WHAT YOU WILL DO:
Please give all of the data again, character for character, and drop the pictures.

RAW DATA:
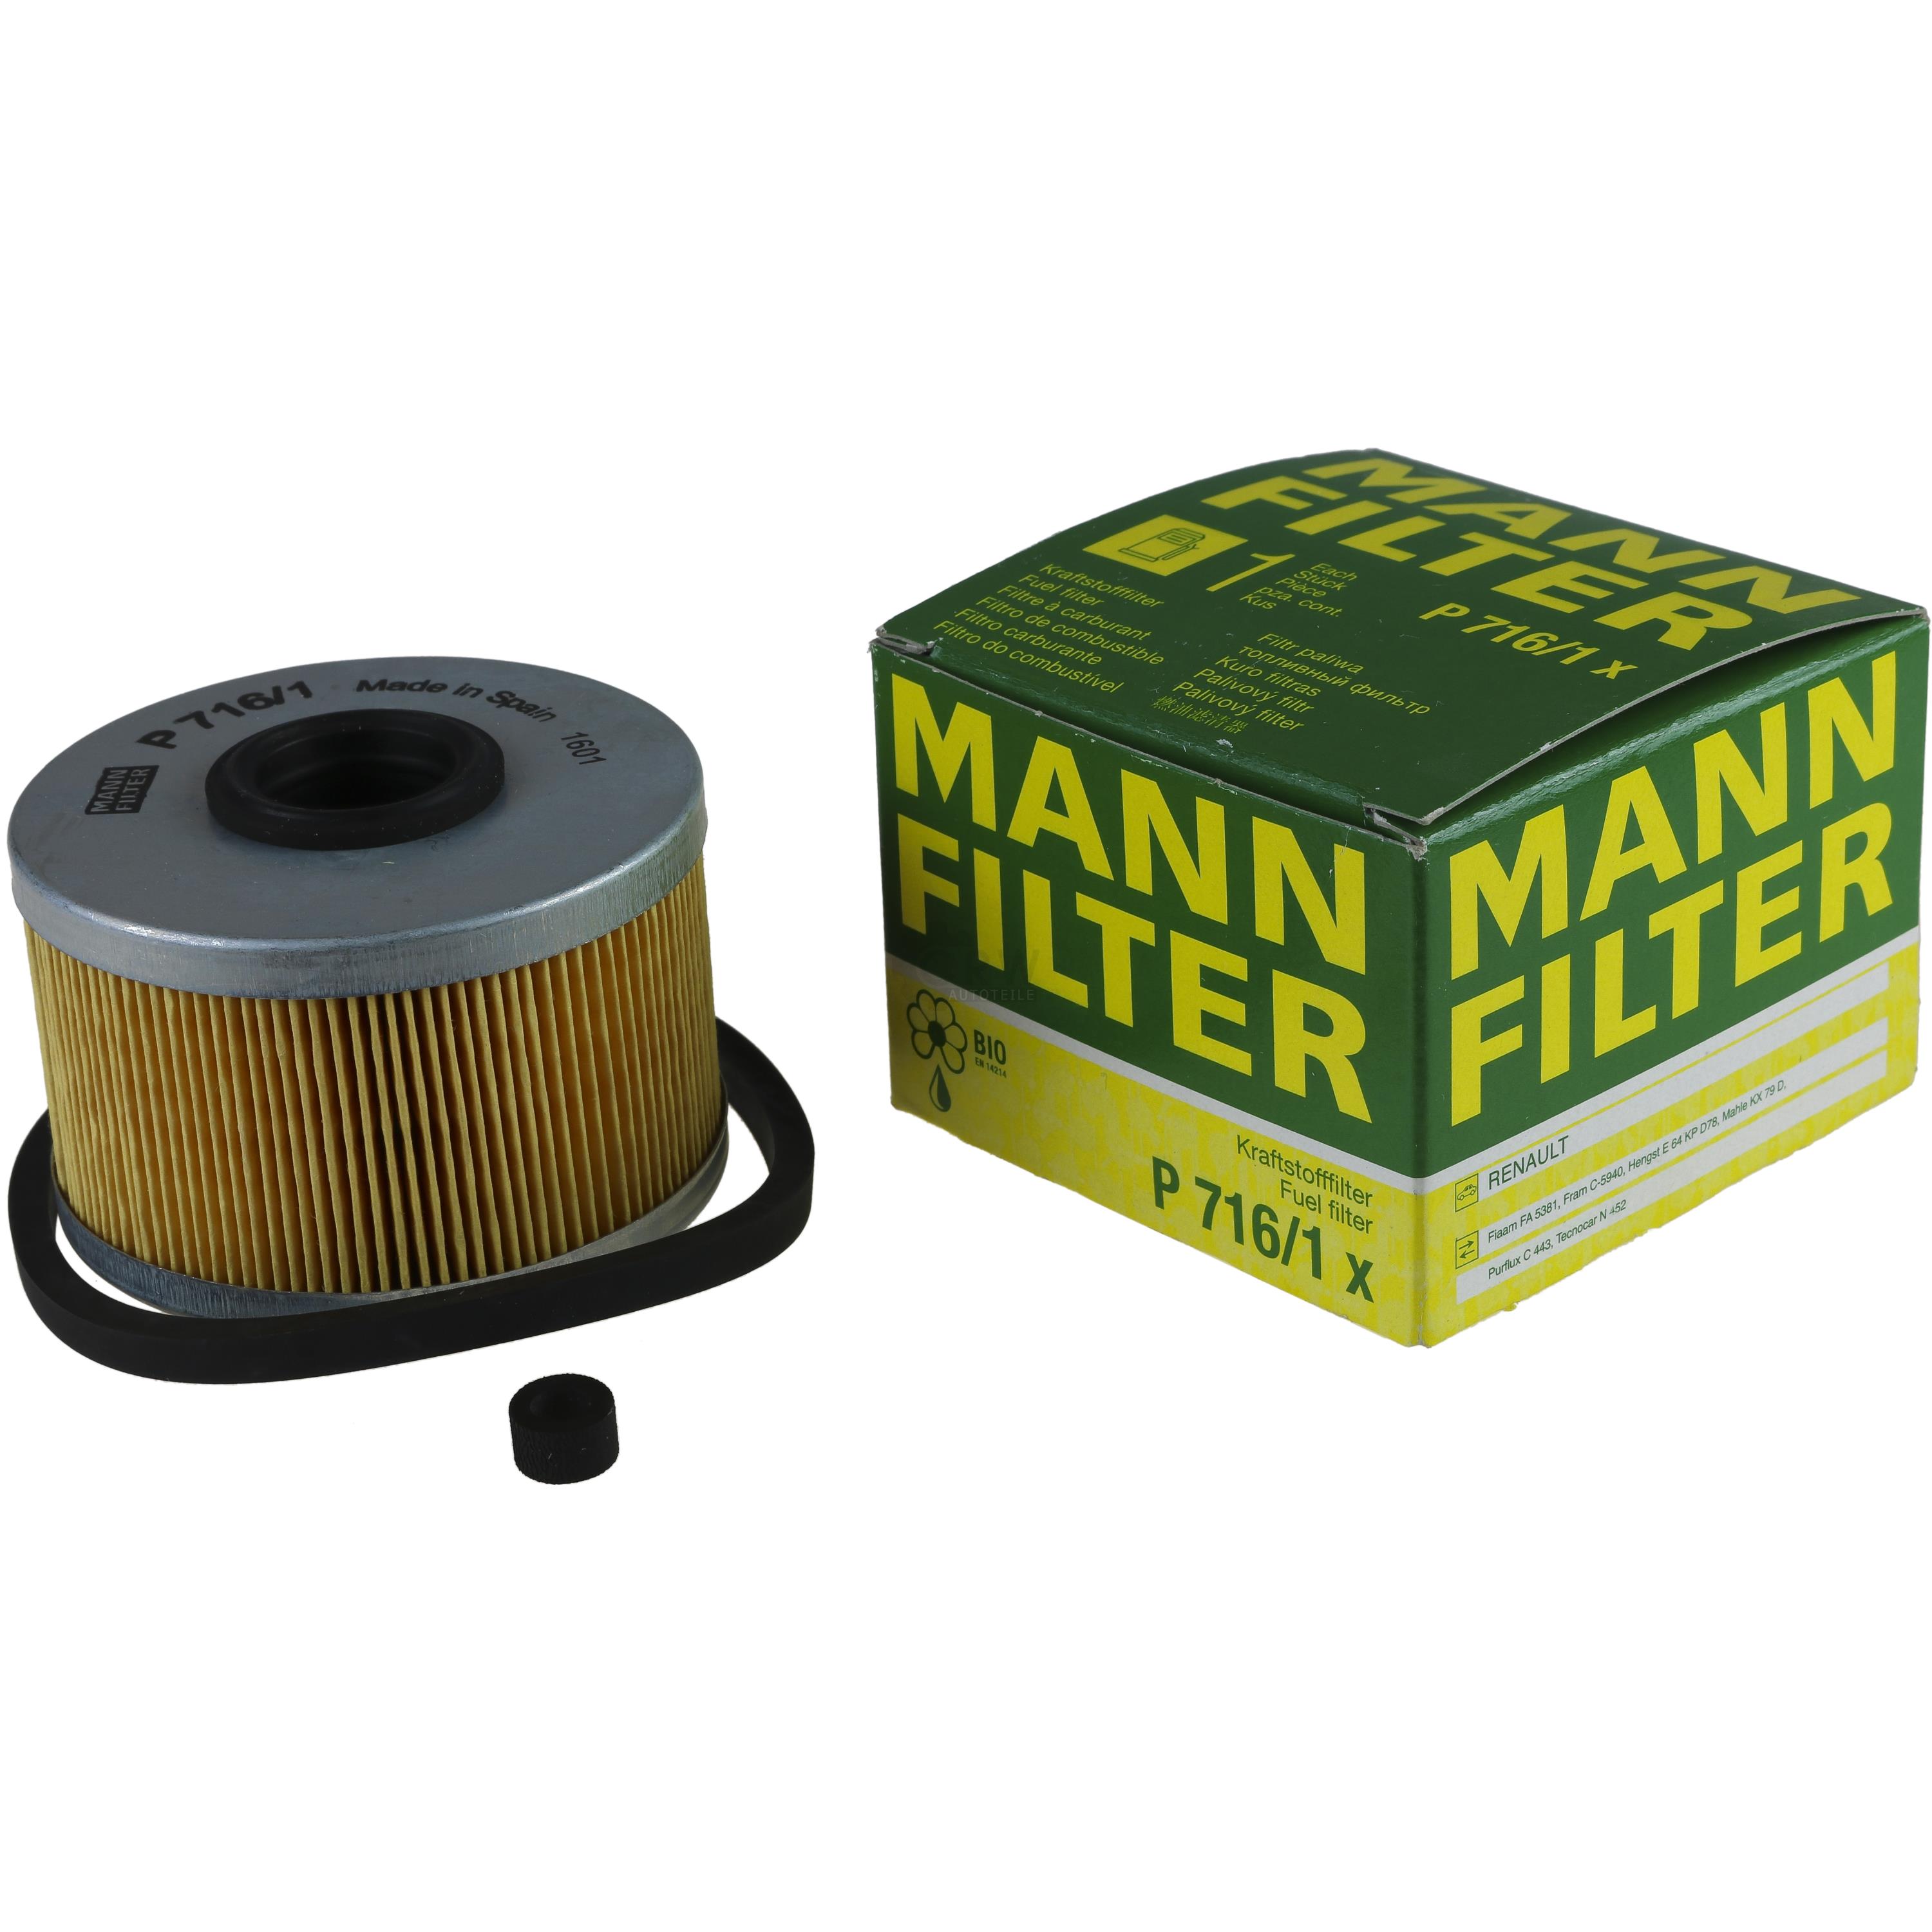 MANN-FILTER Kraftstofffilter P 716/1 x Fuel Filter
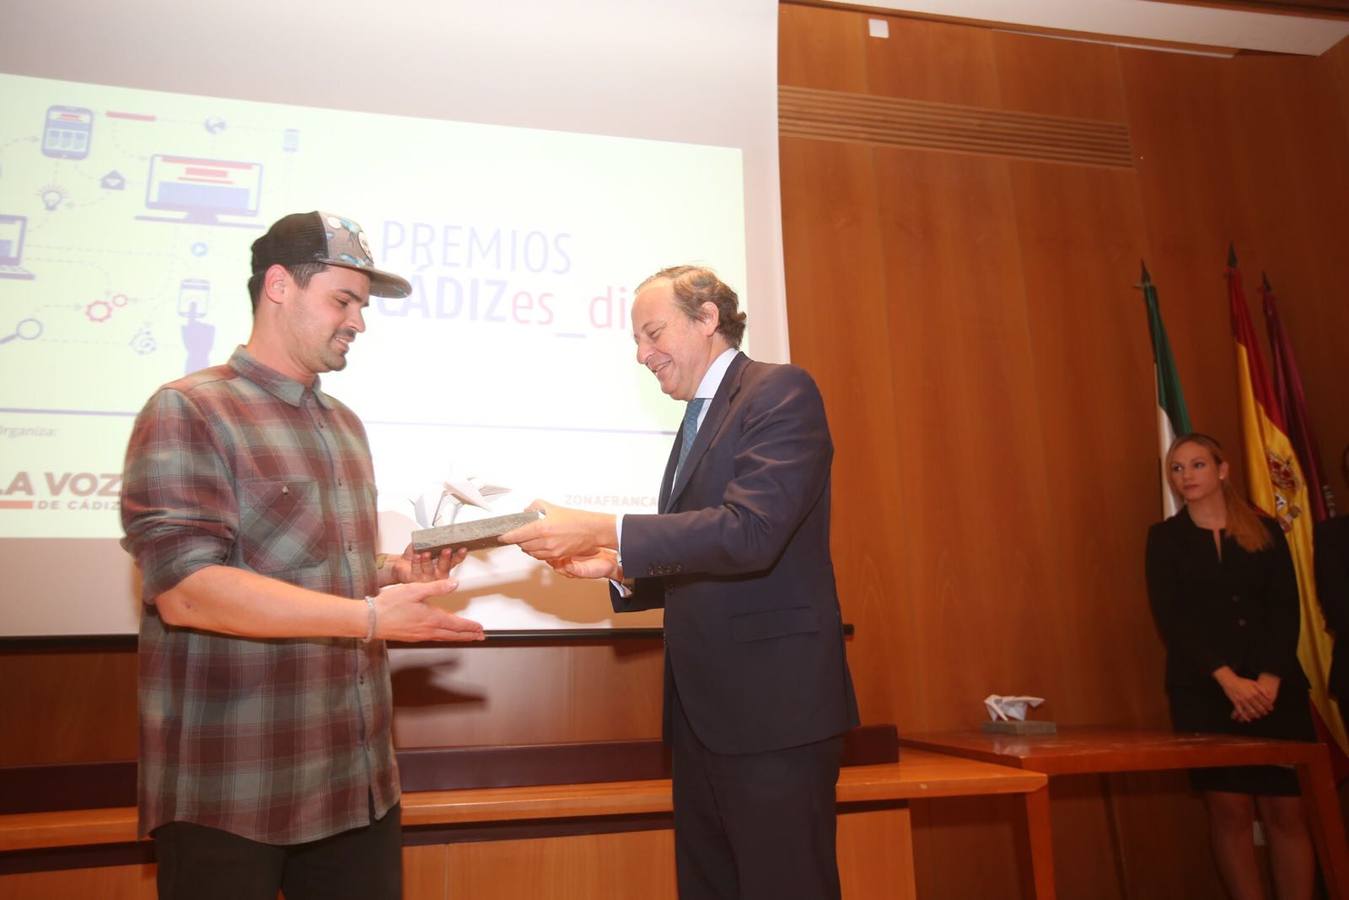 LA VOZ entrega sus premios Cádizes_digital a los mejores proyectos locales en internet
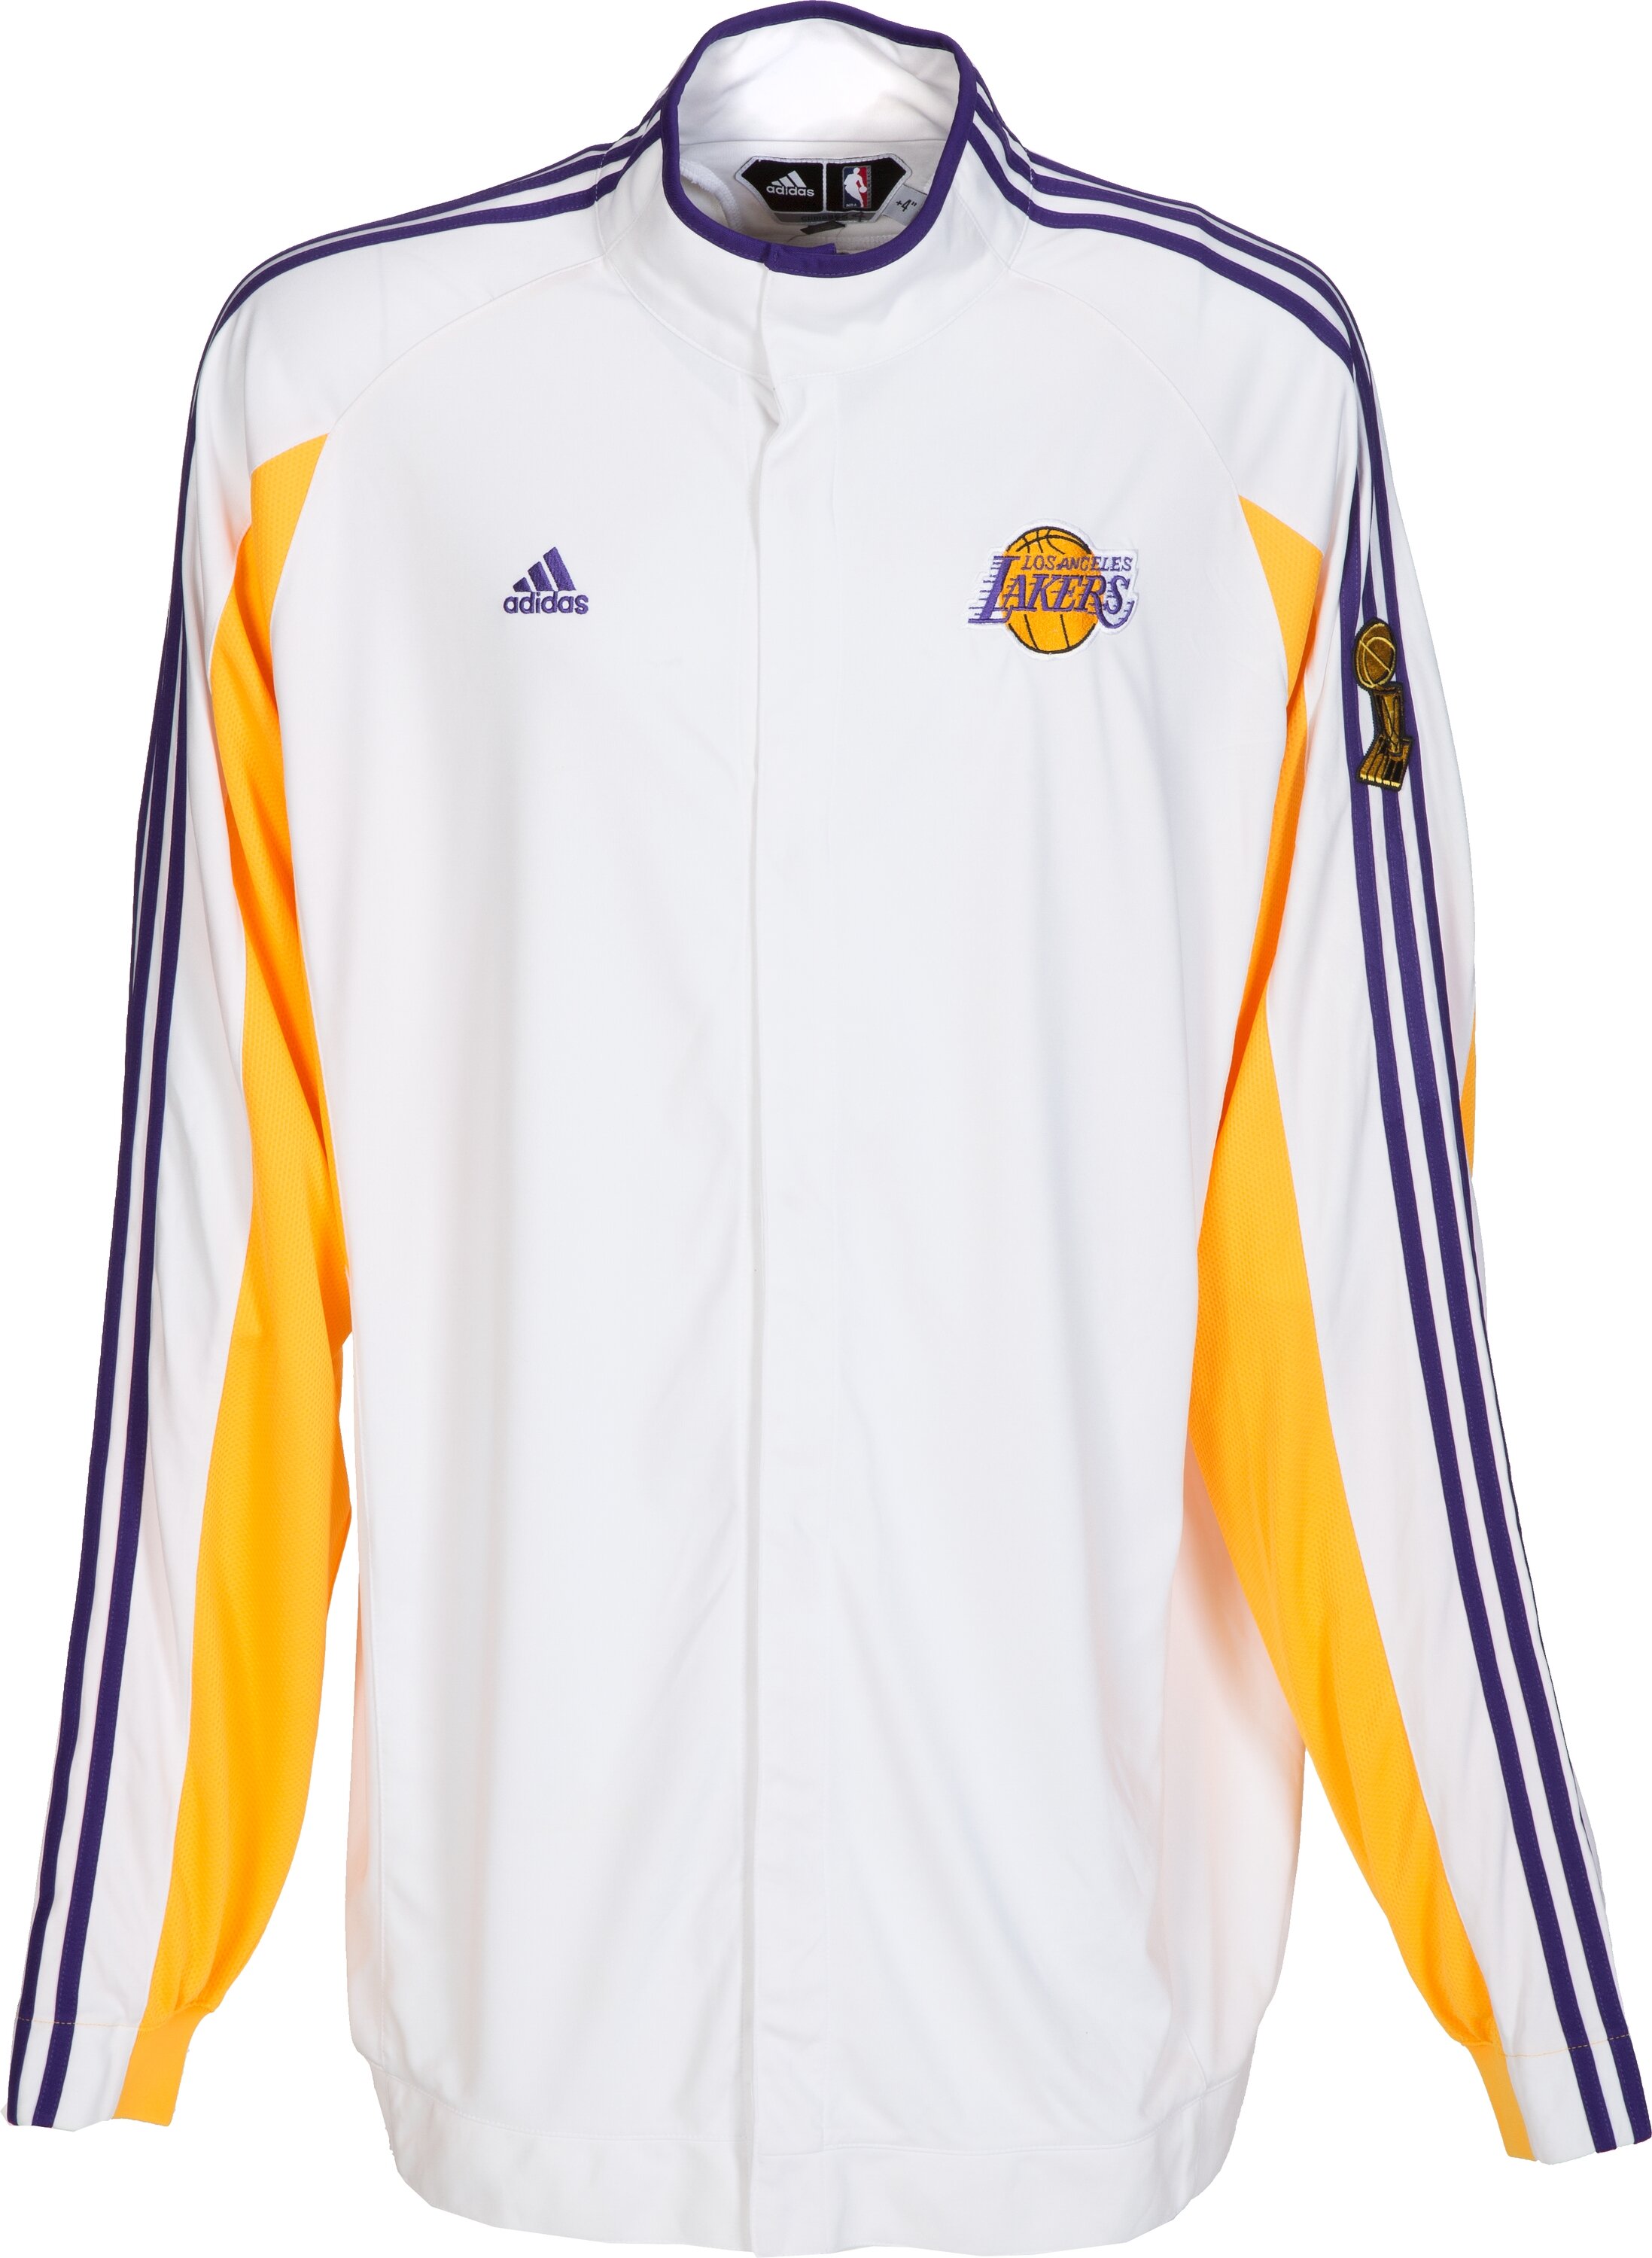 Adidas Hat Los Angles Lakers Kobe Bryant 2009 Conference Champions NBA  Finals

ANSWER BELOW:
 MANN-FILTER Kraftstofffilter P 716/1 x Fuel Filter
 LA VOZ entrega sus premios Cádizes_digital a los mejores proyectos locales en internet
 Adidas Hat Los Angles Lakers Kobe Bryant 2009 Conference Champions NBA  Finals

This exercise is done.